By Preetika Rana 

SHANGHAI -- Big Pharma is investing billions of dollars to tackle deadly diseases prevalent in China, developing new drugs to combat a lineup of top killers that differ from those in the West.

Swiss drugmaker Novartis AG is testing a molecule to combat a rare head and neck cancer widespread in southern China. American rival Johnson & Johnson is creating innovative drugs to tackle lung cancer and hepatitis B, endemic in China. And France's Sanofi SA is researching a new way to treat liver cancer -- one of the most common forms of cancer here -- despite early setbacks.

The move is a switch from a decades-old strategy of selling existing drugs to China's billion-plus people, and is aimed at gaining a stronger foothold in the world's second-largest drug market which has long eluded Western companies.

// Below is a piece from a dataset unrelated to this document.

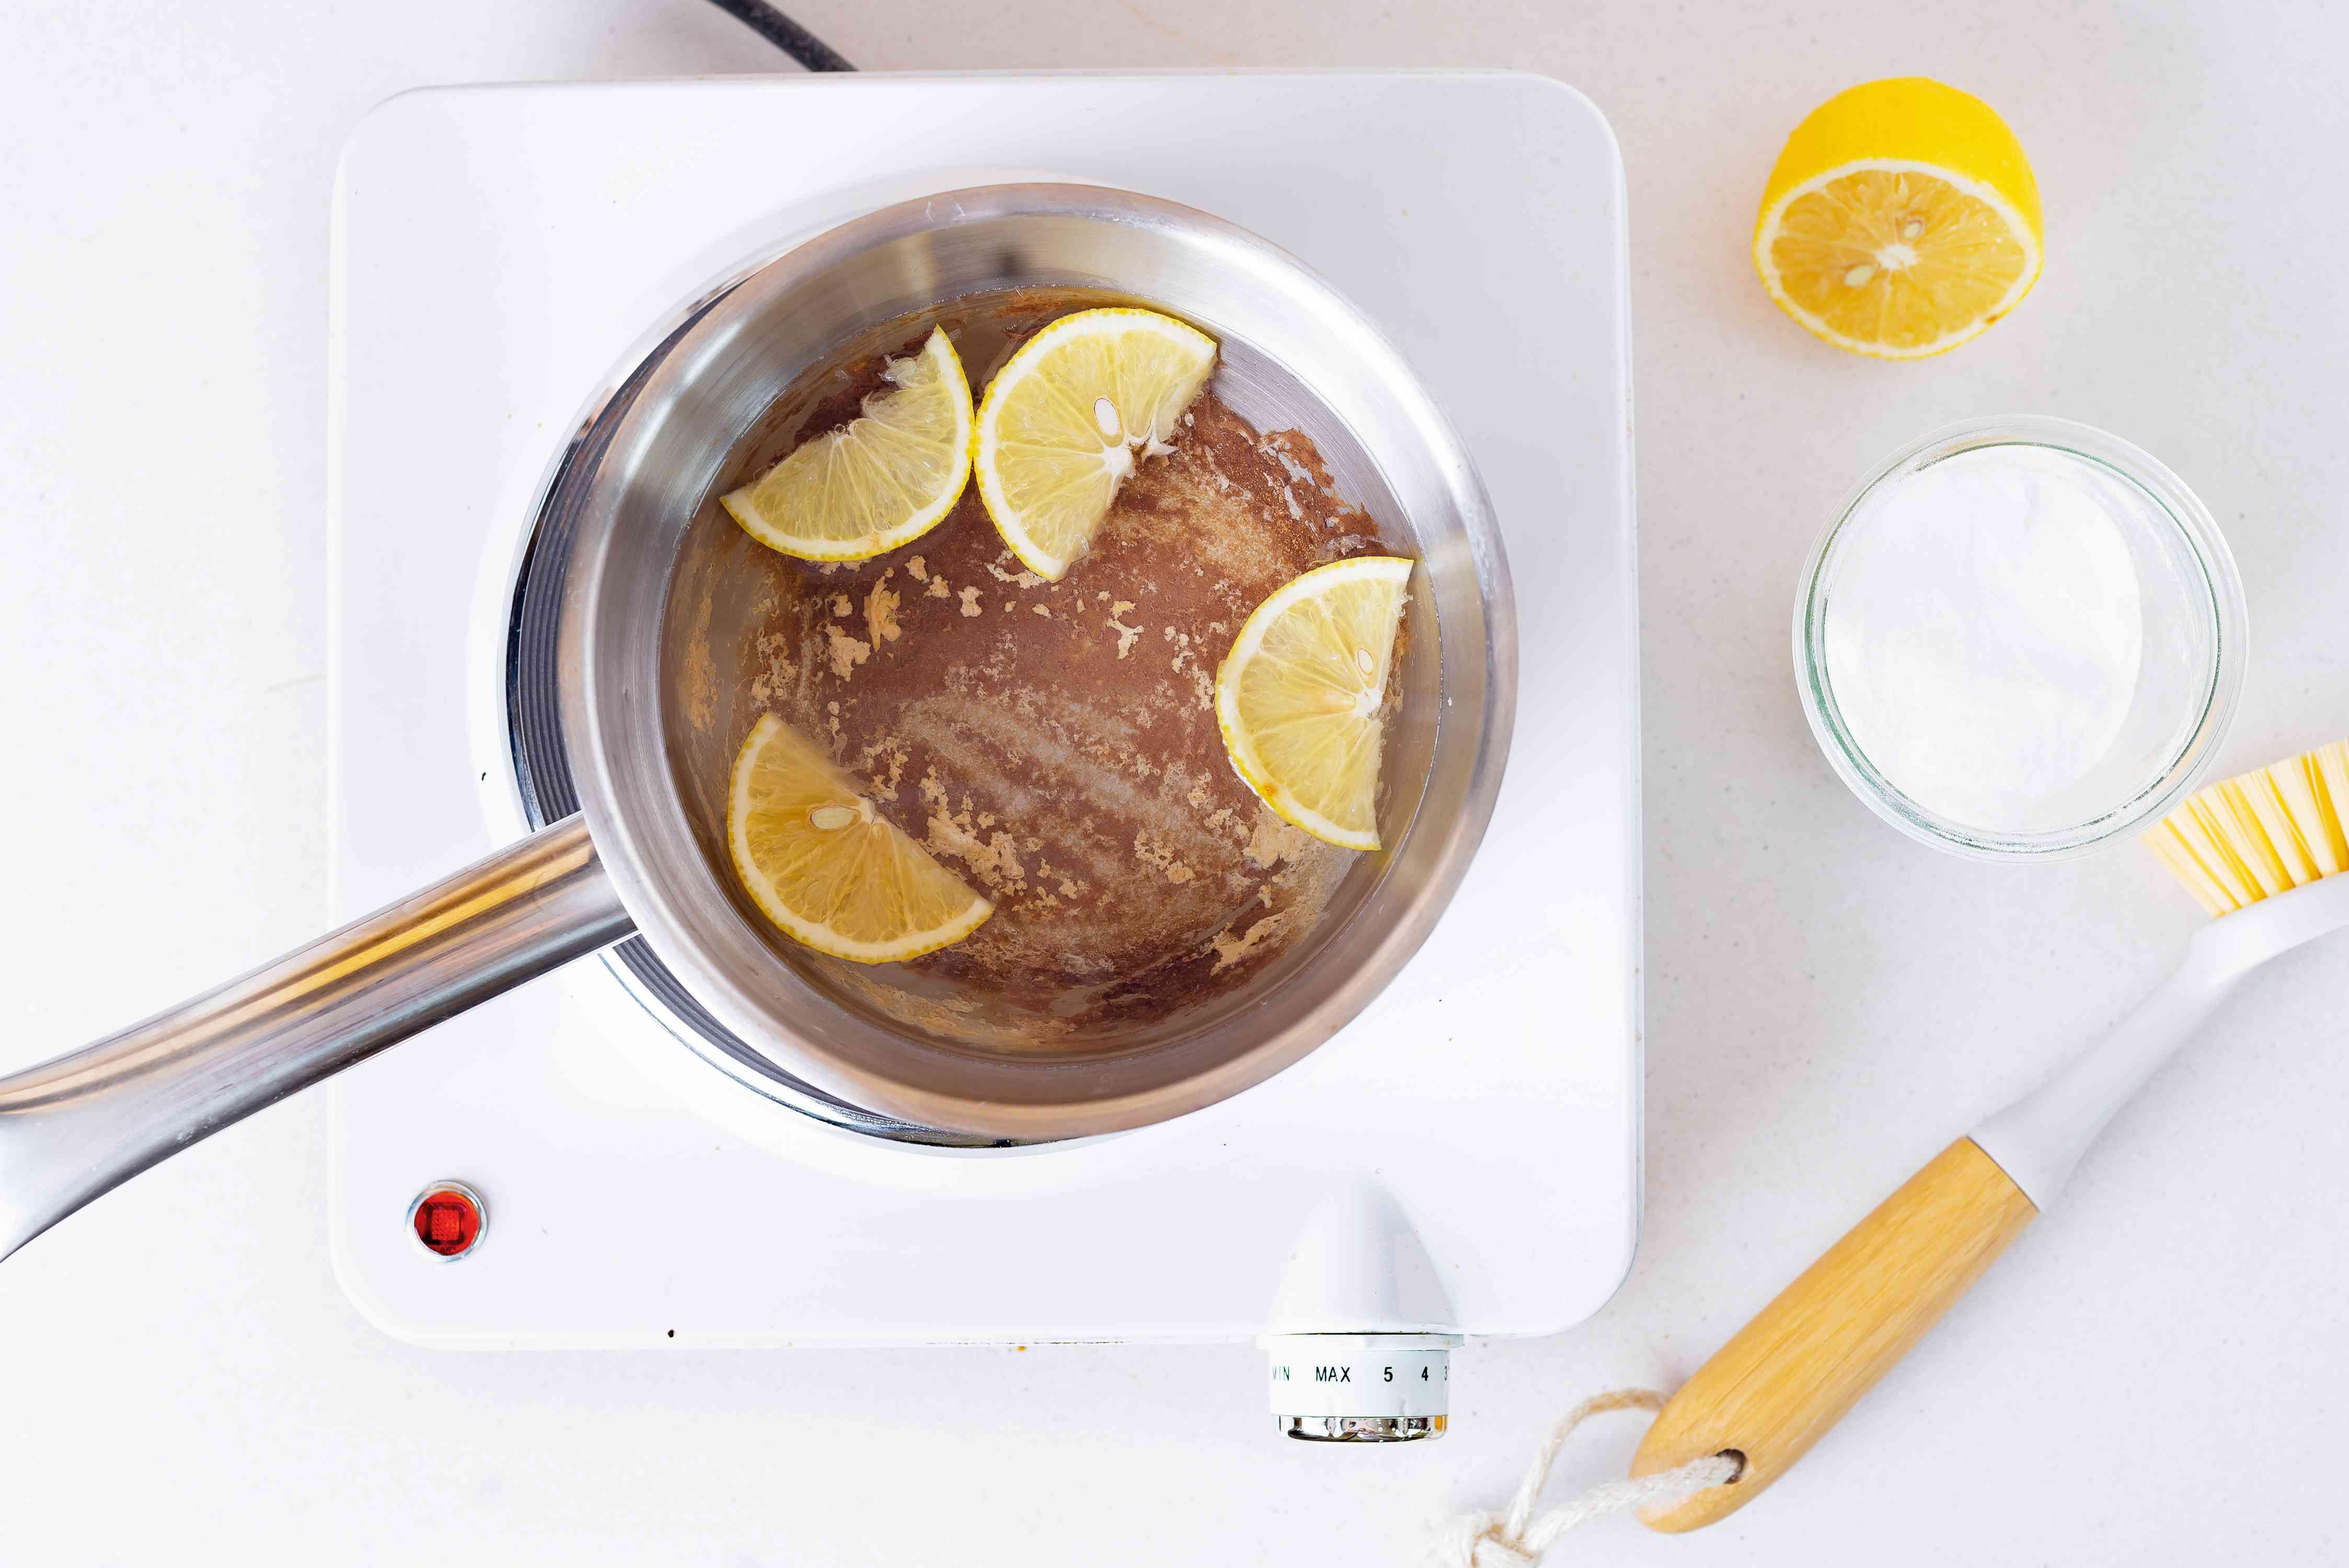 Baking soda and lemon slices in stainless steel pot heated on portable burner
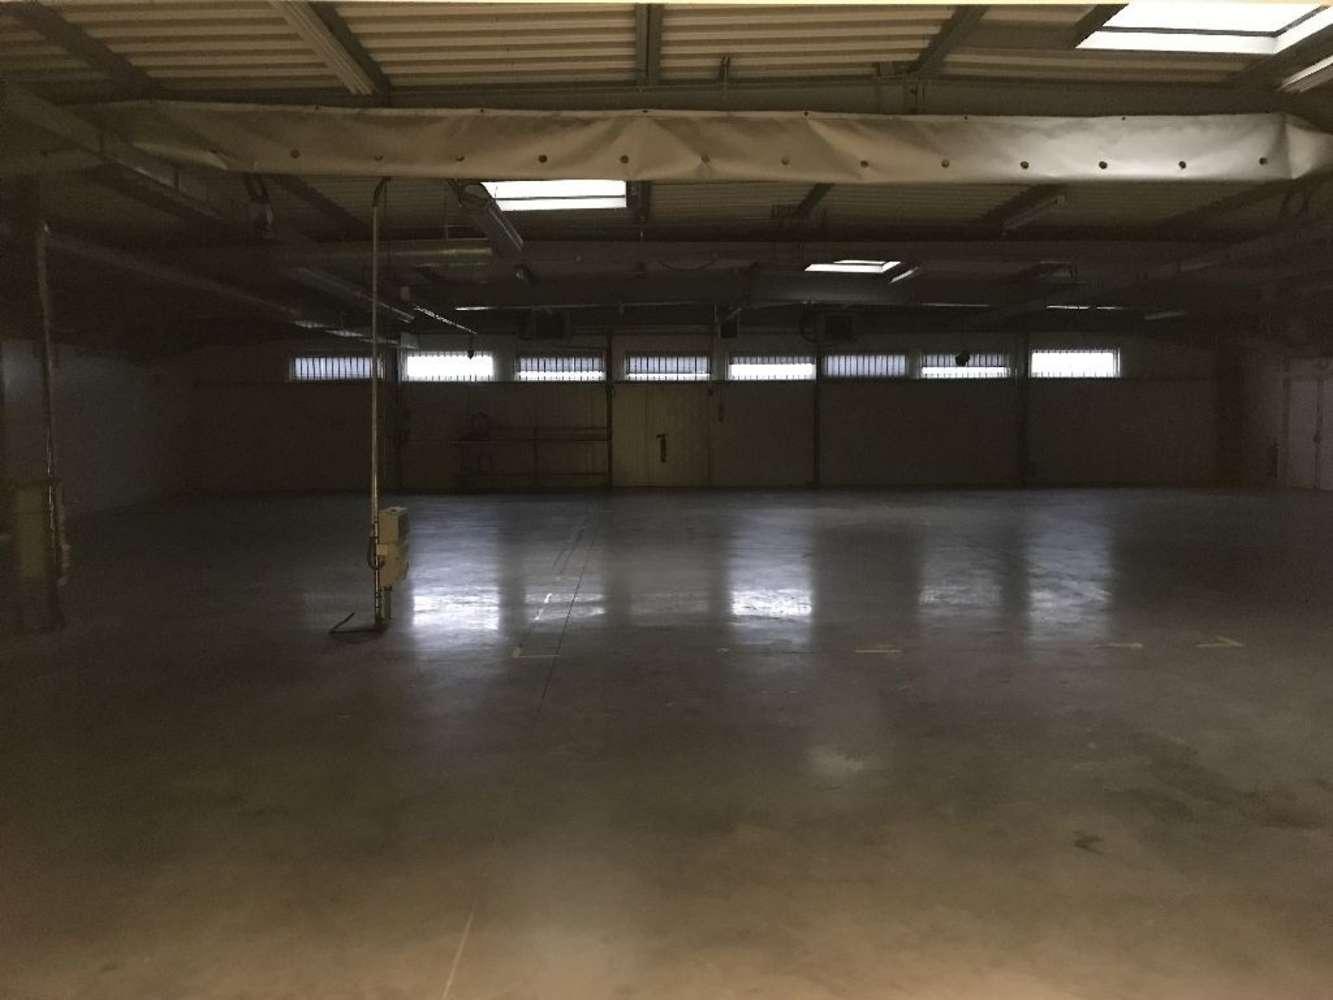 Activités/entrepôt Meyzieu, 69330 - Entrepot à vendre Meyzieu (Lyon Est) - 9862438

Lung, liver and stomach cancers are among China's top killers, according to the World Health Organization, accounting for more than a million deaths every year. Those diseases kill hundreds of thousands of people in countries like Japan and South Korea too, offering an opportunity for drugmakers to sell China-tailored treatments in neighboring markets. Alzheimer's and other forms of dementia are among the top causes of deaths in the U.S. in comparison.

But large unmet needs aren't alone driving companies to discover new therapies here. Regulatory hurdles have made it tough for foreign firms to quickly launch their newest treatments in China, largely because they are discovered overseas.

Recent corruption scandals have made it harder for companies to market older drugs that are approved for sale here. A Chinese court slapped a nearly-$500 million fine on GlaxoSmithKline PLC in 2014 after it found the U.K.-based company's local unit guilty of bribing doctors. Novartis last year agreed to pay $25 million to settle a Securities and Exchange Commission Investigation into bribery allegations in China.

Western firms found China's lucrative market slipping away, and in recent years many began moving from bringing existing drugs to discovering new cures here.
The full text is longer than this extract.